Lebendiger Obstbau und Sortenvielfalt in Altschweier

Obst- und Gartenbauverein Altschweier pflegt und wartet die Informationstafeln des Obstlehrpfades

Wenn wir den Obstbau in Altschweier betrachten, fällt die Vielzahl von Früchten auf, die in dieser schönen Landschaft gedeihen: Äpfel, Birnen, Zwetschgen, Kirschen, Pfirsiche, Erdbeeren, Himbeeren, Johannisbeeren, Walnüsse und noch vieles mehr.
Alle Früchte haben ihre Eigenart, ihren Geschmack und ihren Wert, nicht nur für den Markt und den Erwerb sondern vor allem für eine gesunde, abwechslungsreiche Ernährung und den eigenen Vitaminhaushalt.Klima, Boden, Geländestruktur und vor allem der Mensch sind die ausschlaggebenden Faktoren für den Obstbau, wie er sich in Altschweier entwickelt, verändert und erhalten hat.Neben dem ökonomischen Gesichtspunkt ist es vor allem die Naturverbundenheit und das Verantwortungsbewusstsein für die uns geschenkte und anvertraute Landschaft, die den Obstbauliebhaber heute immer noch ermuntern, die Fluren zu bewirtschaften und gerade jetzt im Frühjahr zu erleben, wie es berauschend blüht, treibt und letztendlich Früchte ansetzt.

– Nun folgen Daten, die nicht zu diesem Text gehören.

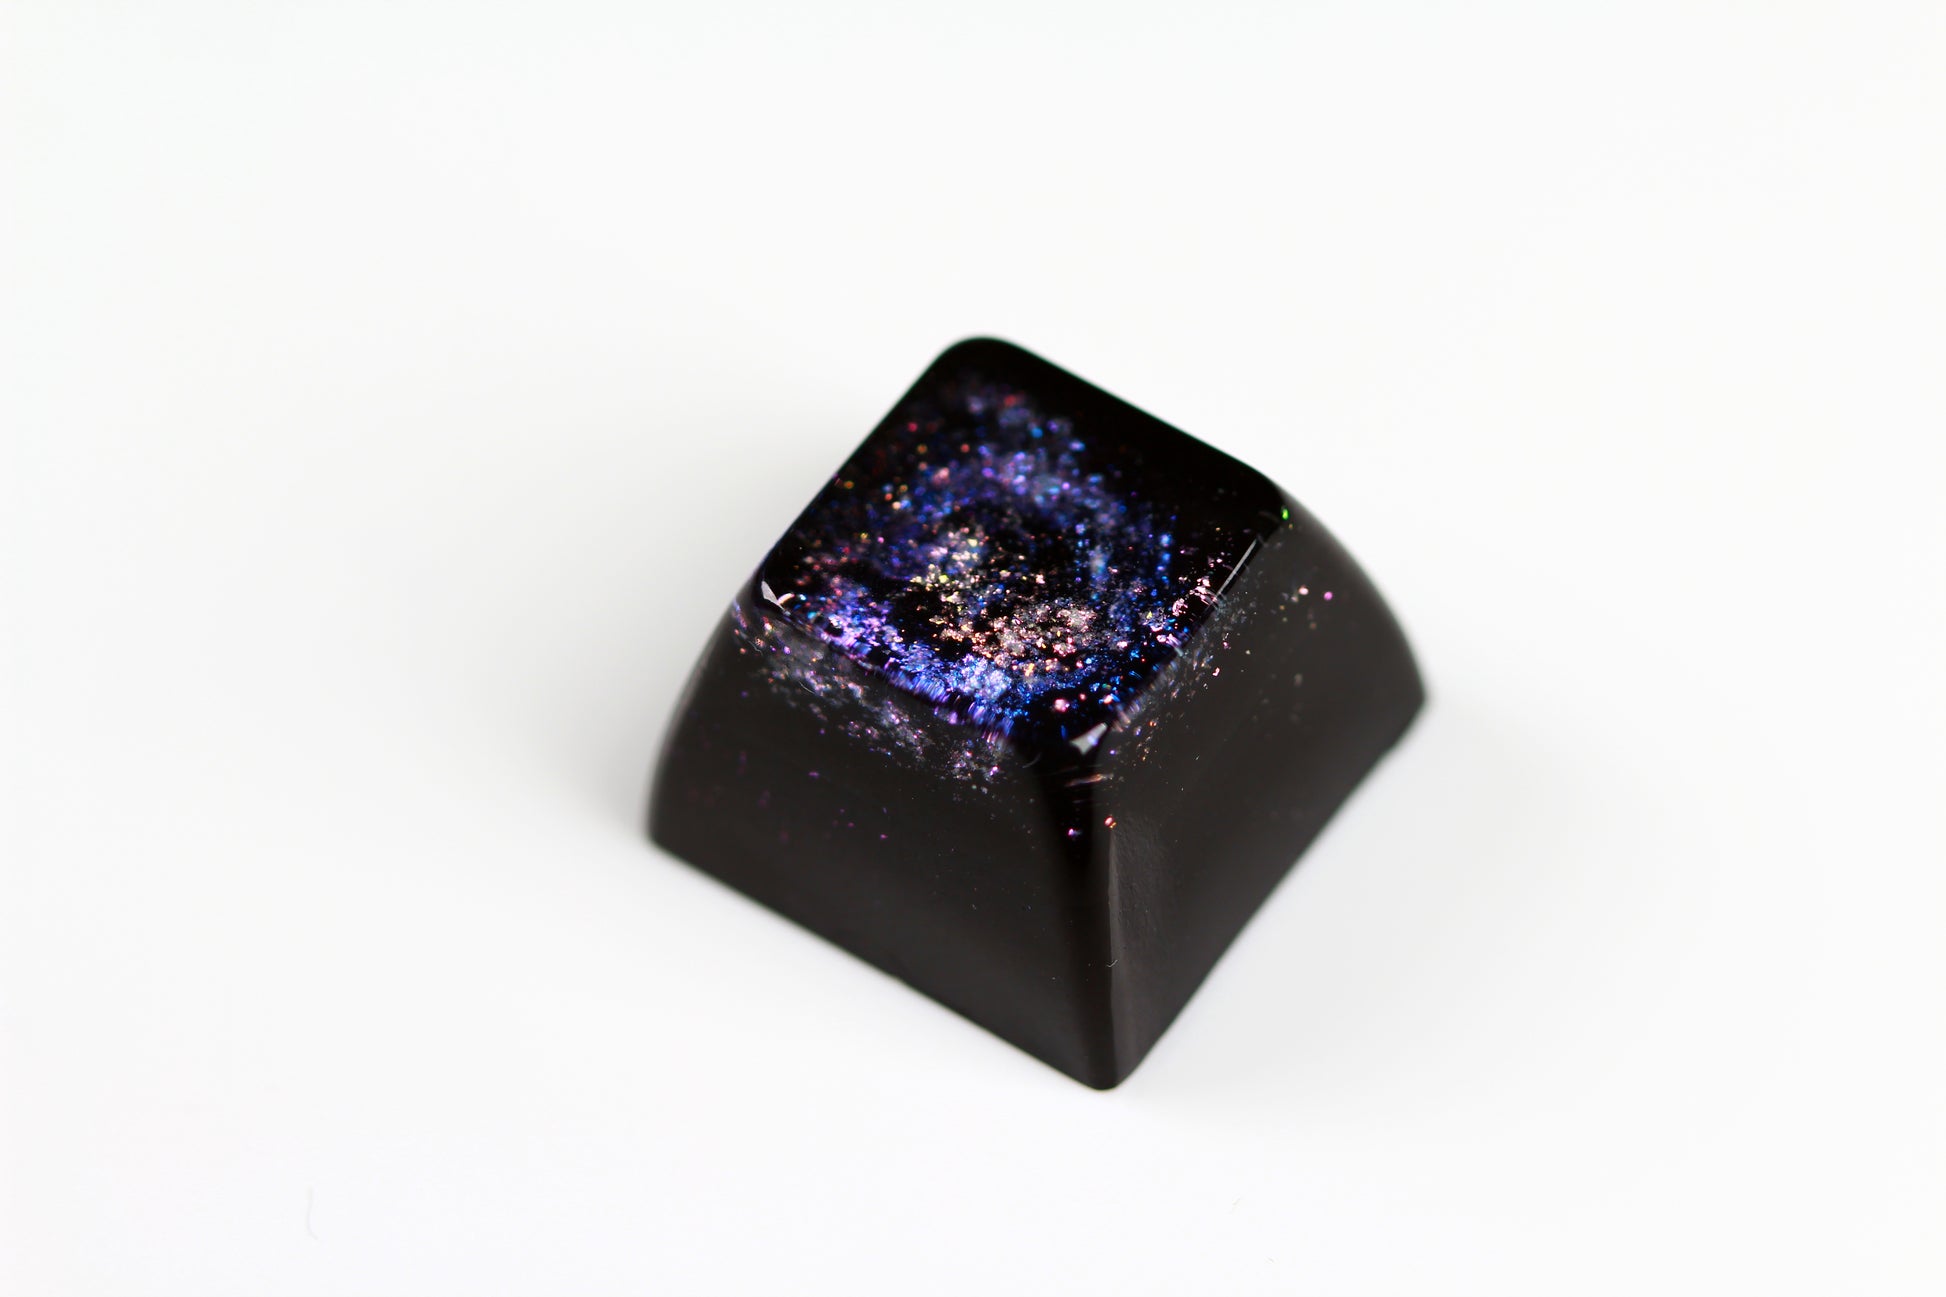 Gimpy SA Row 3 - Deep Field Opal Nebula 1 - PrimeCaps Keycap - Blank and Sculpted Artisan Keycaps for cherry MX mechanical keyboards

Dass aber nicht nur der Obstbauliebhaber sondern auch der interessierte Mitbürger oder Gast, der durch unsere Flure wandert, erfährt mit welcher Obstvielfalt unsere Landschaft gesegnet ist, hat der Obst- und Gartenbauverein Altschweier am 1. Mai 1994 einen Obstbaulehrpfad eingerichtet.
Auf 24 Holztafeln wird über die verschiedensten Obstsorten informiert. Er beginnt an der Winzerkellerstrasse am westlichen Ortseingang und beschreibt auf etwa 4 km Länge, die meisten in Altschweier vorkommenden Obstarten.
Jedes Jahr werden die Tafeln gewartet, teilweise ersetzt und neu gestrichen. So auch dieses Jahr,
bei dem einige Vorstandsmitglieder des Obst- und Gartenbauverein Altschweier diese Arbeiten wieder übernommen hatten.

Es lohnt sich immer wieder, diesen Obstlehrpfad zu begehen.